If you hit this you will see something like:
last pid: 16601; load averages: 0.46, 0.17, 0.10 up 1+16:21:09 16:44:08 599 threads: 7 running, 547 sleeping, 43 waiting, 2 lock CPU: 1.6% user, 0.0% nice, 60.9% system, 0.0% interrupt, 37.5% idle Mem: 29M Active, 201M Inact, 702M Wired, 2905M Free ARC: 229M Total, 46M MFU, 176M MRU, 168K Anon, 1423K Header, 5909K Other 109M Compressed, 315M Uncompressed, 2.90:1 Ratio Swap: 1024M Total, 1024M Free PID USERNAME PRI NICE SIZE RES STATE C TIME WCPU COMMAND 16601 root 20 0 16M 8132K CPU3 3 0:03 100.00% pfctl -f /tmp/rules.debug 56110 root 20 0 11M 2644K CPU2 2 0:22 70.96% /usr/local/bin/dpinger -S -r 0 -i WAN_DHCP -B 172.21.16.21 -p /var/run/dpi 59112 root 20 0 19M 6856K *pf ru 0 0:10 66.11% /usr/local/sbin/ntpd -g -c /var/etc/ntpd.conf -p /var/run/ntpd.pid{ntpd} 11 root 155 ki31 0B 64K RUN 3 39.9H 55.95% [idle{idle: cpu3}] 11 root 155 ki31 0B 64K CPU1 1 39.9H 39.34% [idle{idle: cpu1}] 11 root 155 ki31 0B 64K RUN 0 39.9H 33.16% [idle{idle: cpu0}] 11 root 155 ki31 0B 64K RUN 2 39.9H 21.50% [idle{idle: cpu2}] 56372 root 20 0 14M 2696K *pf ru 3 0:21 12.56% /usr/local/bin/dpinger -S -r 0 -i VTI0_VTIV4 -B 10.45.13.2 -p /var/run/dpi 0 root -92 - 0B 736K - 1 4:16 0.17% [kernel{dummynet}]

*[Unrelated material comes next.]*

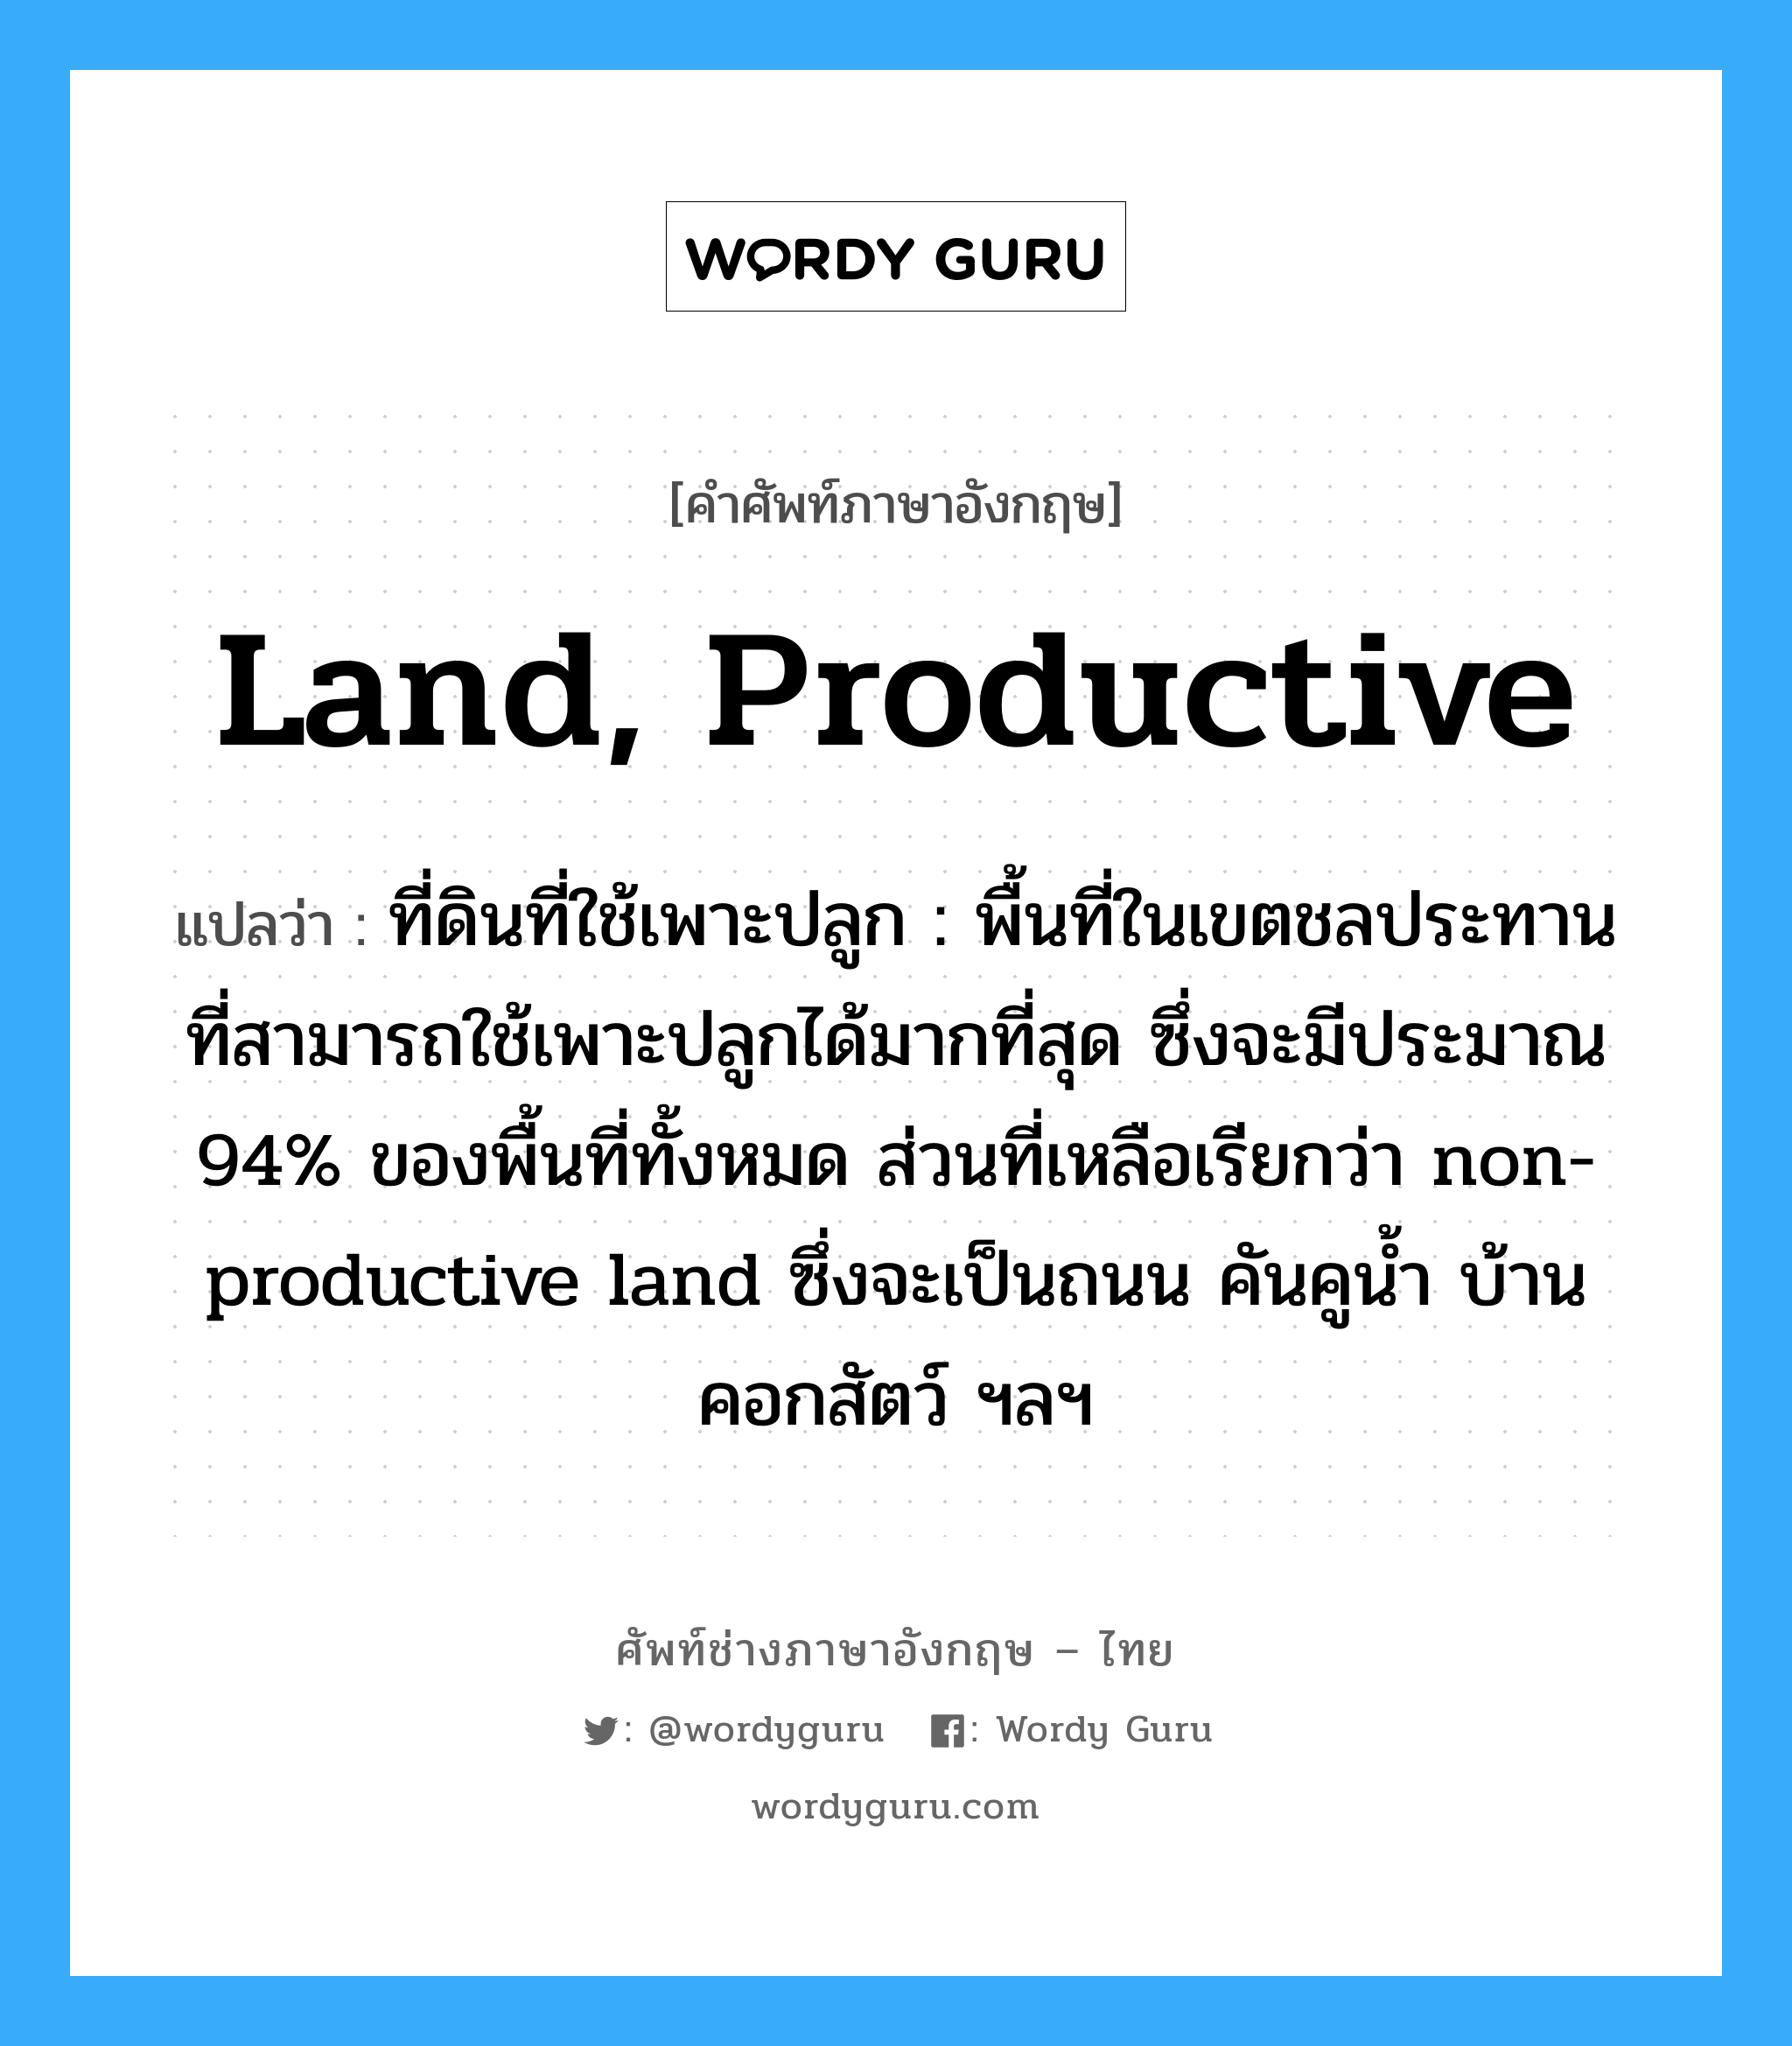 land, productive แปลว่า?, คำศัพท์ช่างภาษาอังกฤษ - ไทย land, productive คำศัพท์ภาษาอังกฤษ land, productive แปลว่า ที่ดินที่ใช้เพาะปลูก : พื้นที่ในเขตชลประทานที่สามารถใช้เพาะปลูกได้มากที่สุด ซึ่งจะมีประมาณ 94% ของพื้นที่ทั้งหมด ส่วนที่เหลือเรียกว่า non-productive land ซึ่งจะเป็นถนน คันคูน้ำ บ้าน คอกสัตว์ ฯลฯ

Even there though you'll notice no CPU core is pegged at 100%.
Steve
-
@averlon The new System Patches package lists recommended patches, and one is to Disable pf counter data preservation to temporarily work around latency when reloading large rulesets.
-
-
-
Listing recommended Patches via the the System Patches package is a great enchantment.
Meanwhile I've rolled back to 2.5. The 2.6 enchantment, which I wanted to get from that Release (IP Fragmentation over IPsec) isn't working in my configuration. Probably I'll have to change the IPsec Filter Mode to "VTI only" to get this work. This means also, I'll have to migrate a bunch of Rules (~900) from the IPsec section to each VTI Interface and spend some thoughts on how I design rules for encrypted traffic between sites when a firewall has to do a transit role.I've encountered another Issue with HAProxy on 2.6 - The process started to consume permanent 100% CPU Time (one core) randomly. After a restart of the service, all went back to normal, at least for a while. I didn't look further into this, maybe it has something to do with ocsp preload enabled on some front-ends.
For now I'm back on 2.5.x., all in all it's running more stable in my configuration, even if 2.6 has some great updates in the IPSec code what makes overall configuration more smooth and reduce boot time about 50%.